I'd like to load historical logging data having the same schema and have it be partitioned based on the date portion of a specific TIMESTAMP
column. I.e., I'd like to override the mechanism of the ingestion time partitioning while retaining the data type of the partition id.
When I try to load the data with bq load
, bq
complains that the partitioning is incompatible:
bq --project_id=myProj \
load \
--time_partitioning_field=span.endTime \
--time_partitioning_type=DAY \
--source_format=PARQUET \
myDataset.test_junk \
gs://mybucket/test/export-*.parquet
The result:
E0419 17:06:29.304003 140704289732224 bq_utils.py:244] BigQuery error in load operation: Error processing job 'myProj:bqjob_r4bd44de633ecd32f_000001879b5714b9_1': Incompatible table partitioning specification. Expects partitioning specification interval(type:day), but input partitioning specification is
interval(type:day,field:span.endTime)
Is there any easier way to accomplish my goal than writing custom code per this stackoverflow post?
答案1
得分: 1
以下是您要翻译的内容:
如在此文档中提到:
--time_partitioning_type:
启用表上的基于时间的分区,并设置分区类型。可能的值为HOUR,DAY,MONTH和YEAR。在创建分区在DATE、DATETIME或TIMESTAMP列上的表时,此标志是可选的。基于时间的分区的默认分区类型为DAY。您不能更改现有表上的分区规格。

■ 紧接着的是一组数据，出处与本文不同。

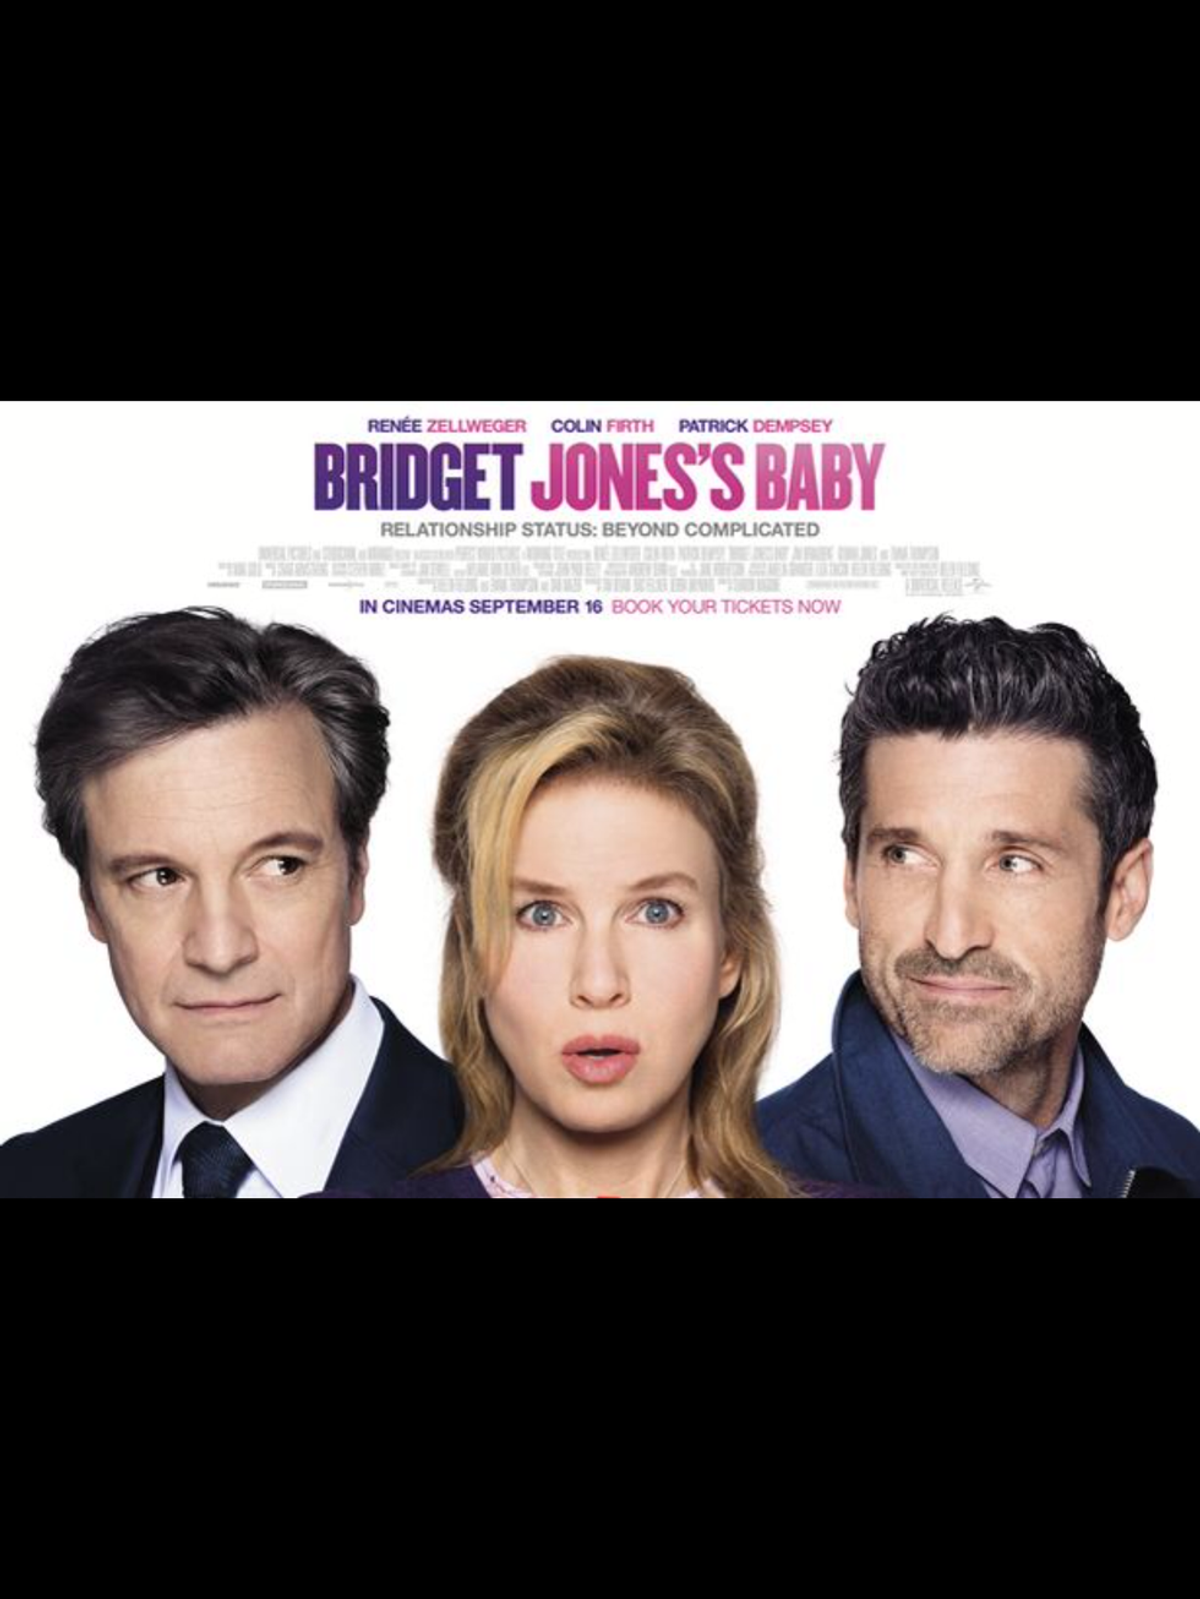 Bridget Jones's Baby: A Review

--time_partitioning_field:
用于创建分区表的DATE或TIMESTAMP列。如果启用基于时间的分区但没有提供此值,则会创建一个按摄取时间分区的表。
例如:
从gs://mybucket/mydata.parquet
加载数据到名为mydataset
中的新的摄取时间分区表mytable
的命令。
bq load \
--source_format=PARQUET \
--time_partitioning_type=DAY \
mydataset.mytable \
gs://mybucket/mydata.parquet
从gs://mybucket/mydata.parquet
加载数据到名为mydataset
中的分区表mytable
的命令。该表以mytimestamp
列进行分区。
bq load \
--source_format=PARQUET \
--time_partitioning_field mytimestamp \
mydataset.mytable \
gs://mybucket/mydata.parquet
有关更多信息,您可以参考此文档。
英文:
As mentioned in this document:
--time_partitioning_type:
Enables time-based partitioning on a table and sets the partition type. Possible values are HOUR, DAY, MONTH, and YEAR. This flag is optional when you create a table partitioned on a DATE, DATETIME, or TIMESTAMP column. The default partition type for time-based partitioning is DAY. You cannot change the partitioning specification on an existing table.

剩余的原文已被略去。